External connecting terminals 170 such as solder balls are formed on the third wiring layer 130 exposed in opening parts 160x of the solder resist layer 160. The first wiring layer 110 works as electrode pads to be connected to electrode pads 220 of the semiconductor chip 200. The external connecting terminal 170 works as a terminal to be connected to the mounting board such as the motherboard. It is general practice that the wiring board 100 has, due to limitations of a wiring width, a diameter of the via hole, and other factors, a multi-layer structure.
The semiconductor chip 200 includes a semiconductor substrate 210 and the electrode pads 220. The semiconductor substrate 210 has a structure where a semiconductor integrated circuit (not illustrated in FIG. 1) is formed on the substrate 210 made of, for example silicon (Si). The electrode pads 220 are formed on one side of the semiconductor substrate 210 and electrically connected to the semiconductor integrated circuit (not illustrated in FIG. 1).
The first wiring layer 110 of the wiring board 100 and the electrode pads 220 of the semiconductor chip 200 are electrically connected to each other via the solder bumps 300. The underfill resin 400 is supplied between a surface of the semiconductor chip 200 and a surface of the wiring board 100, the surfaces facing each other.
Next, a manufacturing method of the related art semiconductor package is discussed. FIG. 2 and FIG. 3 are views of examples of manufacturing steps of the related art semiconductor package. In FIG. 2 and FIG. 3, parts that are the same as the parts shown in FIG. 1 are given the same reference numerals, and explanation thereof is omitted.
First, in a step illustrated in FIG. 2, the wiring board 100 and the semiconductor chip 200 manufactured by known methods are provided. A pre-solder 410 is formed on the first wiring layer 110 of the wiring board 100. A pre-solder 420 is formed on the electrode pads 220 of the semiconductor chip 200.
Next, in a step illustrated in FIG. 3, the first wiring layer 110 side of the wiring board 100 and the electrode pad 220 side of the semiconductor chip 200 are made to face each other so that the pre-solders 410 and 420 are positioned so as to face each other.
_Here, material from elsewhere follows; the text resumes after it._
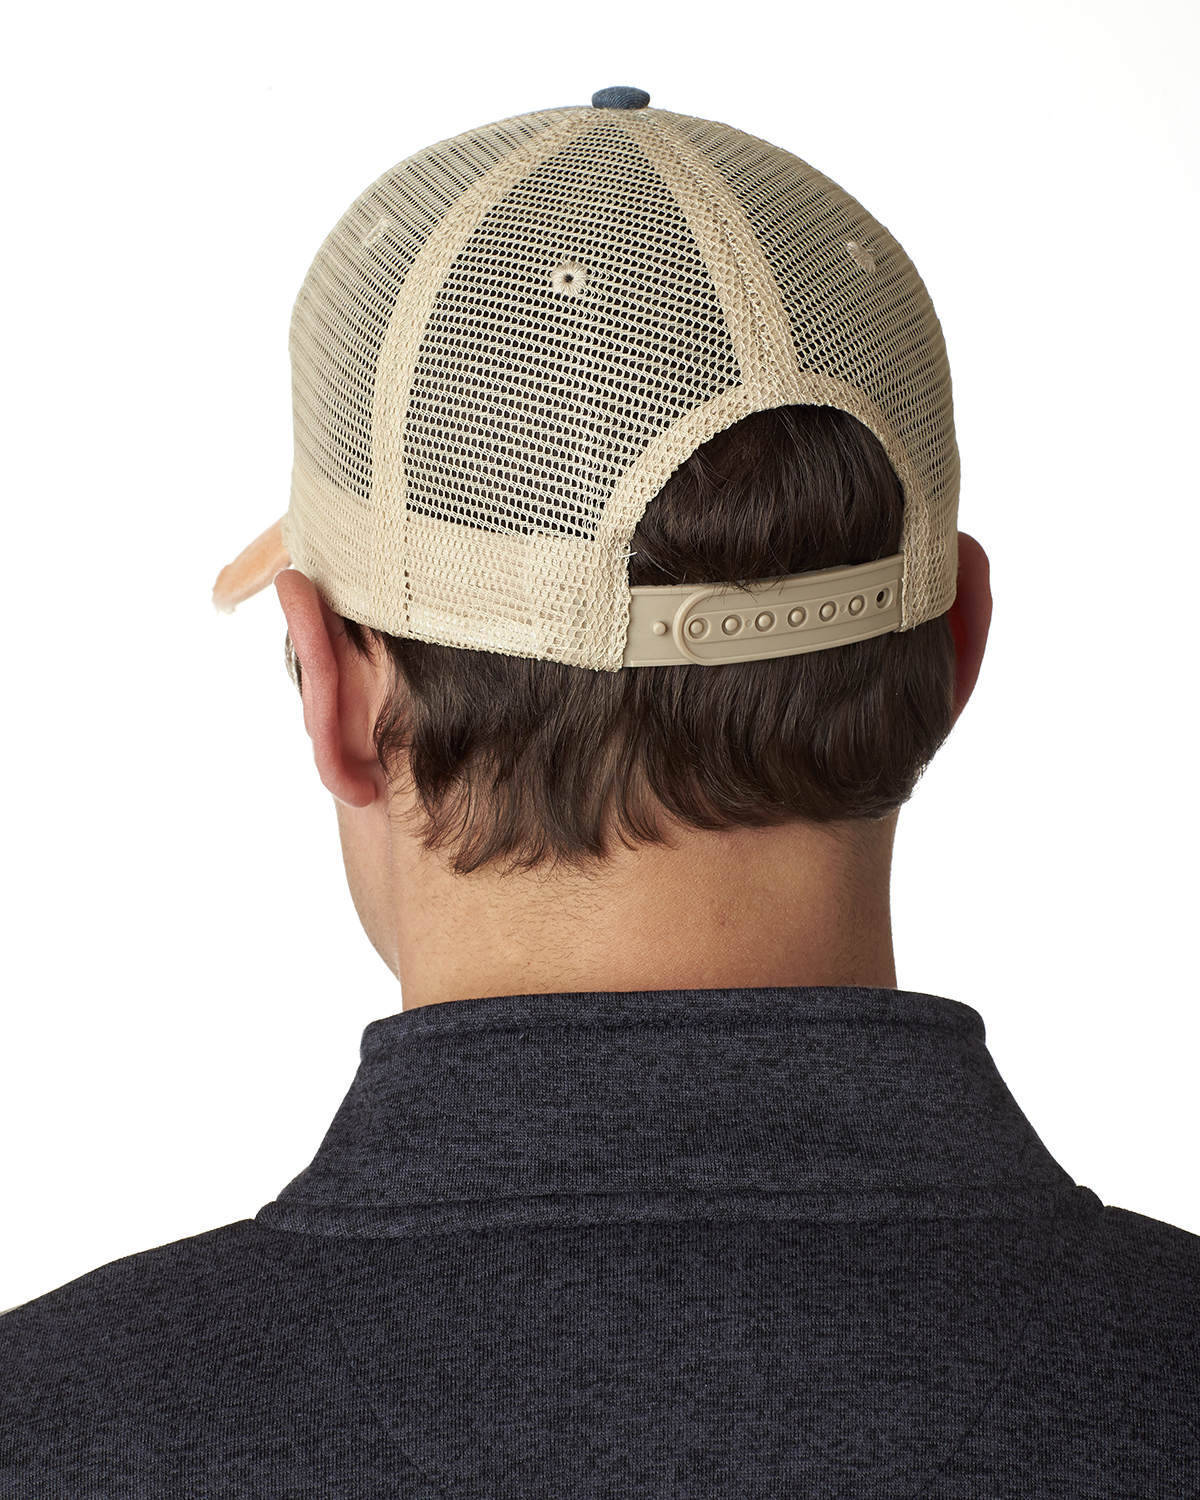 Nebraska Hat - Distressed Snapback Trucker Hat - Nebraska State Outline - Many Colors Available
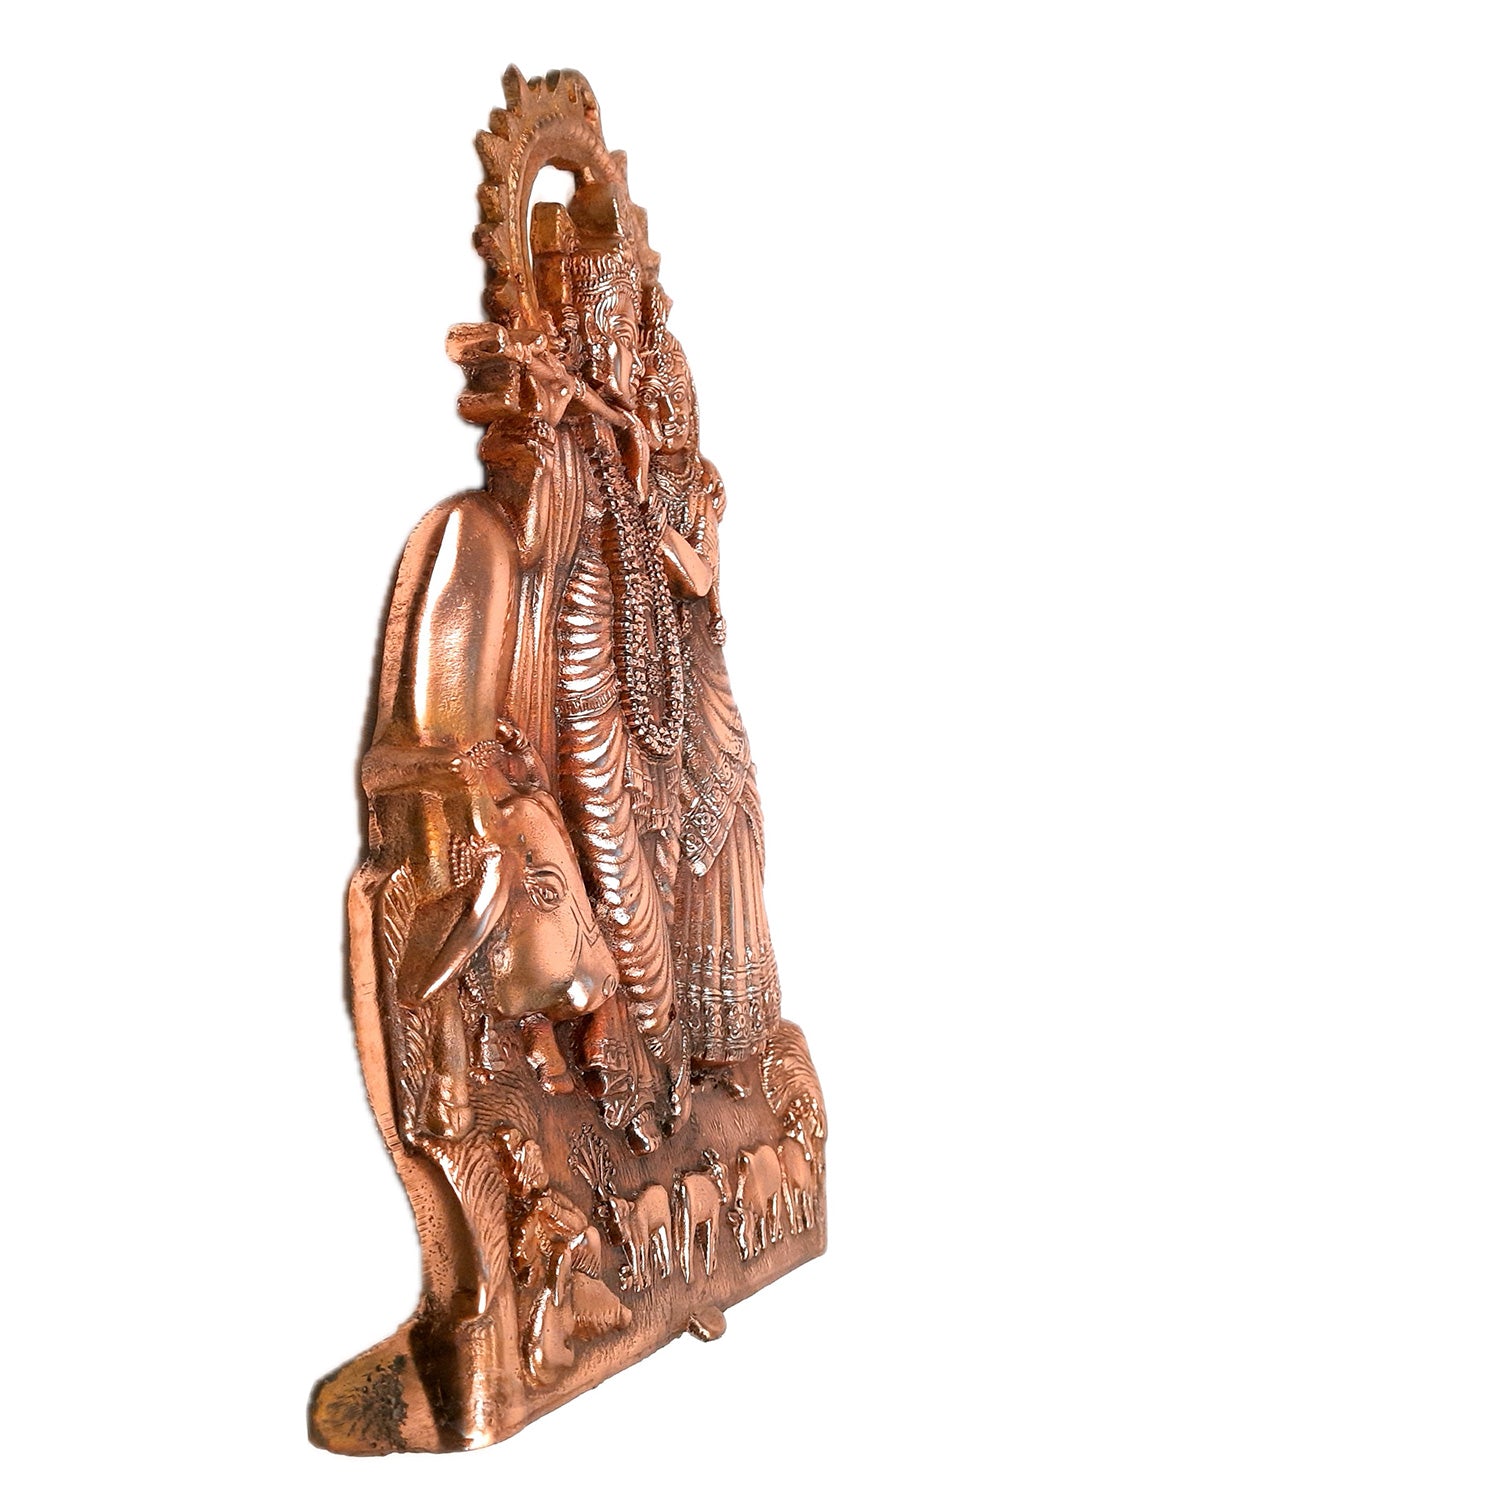 Radha Krishna Statue for Wall Decor | Radhe Krishna Wall Hanging Statue Idol | Religious & Spiritual Sculpture - for Gift, Home, Living Room, Office, Puja Room Decoration - 16 Inch - Apkamart

Then, the pre-solders 410 and 420 are heated at, for example, approximately 230° C. so that the solders are melted and thereby the solder bumps 300 are formed.
Next, the underfill resin 400 is supplied between the surfaces facing each other of the semiconductor chip 200 and the wiring board 100 in a structural body illustrated at a lower side in FIG. 3, so that the semiconductor package 500 including the semiconductor chip 200 illustrated in FIG. 1 is completed. Since a warp may be formed at the wiring board 100 due to shrinkage on curing of the underfill resin 400, it is necessary for the wiring board 100 to have thickness greater than a certain thickness.
The semiconductor package 500 is connected to the mounting board such as the motherboard via the external connecting terminals 170. Thus, in the semiconductor package 500, the wiring board 100 works as an interposer configured to connect the semiconductor chip 200 and the mounting board such as the motherboard. See Japanese National Publication of International Patent Application No. 2003-503855.
However, in the development of down-sizing, miniaturization of the semiconductor chips is continuing. Therefore, minute wiring is required for the interposer where the semiconductor chip is mounted. Therefore, it becomes difficult to respond to the minute wiring required for the interposer by using the related art wiring board illustrated in FIG. 1. Because of this, although the interposers having a silicon base multi-layer structure which can correspond to the minute wiring are being studied, the cost of manufacturing equipment for achieving the required multi-layer structure is increasing so that the manufacturing cost is increased.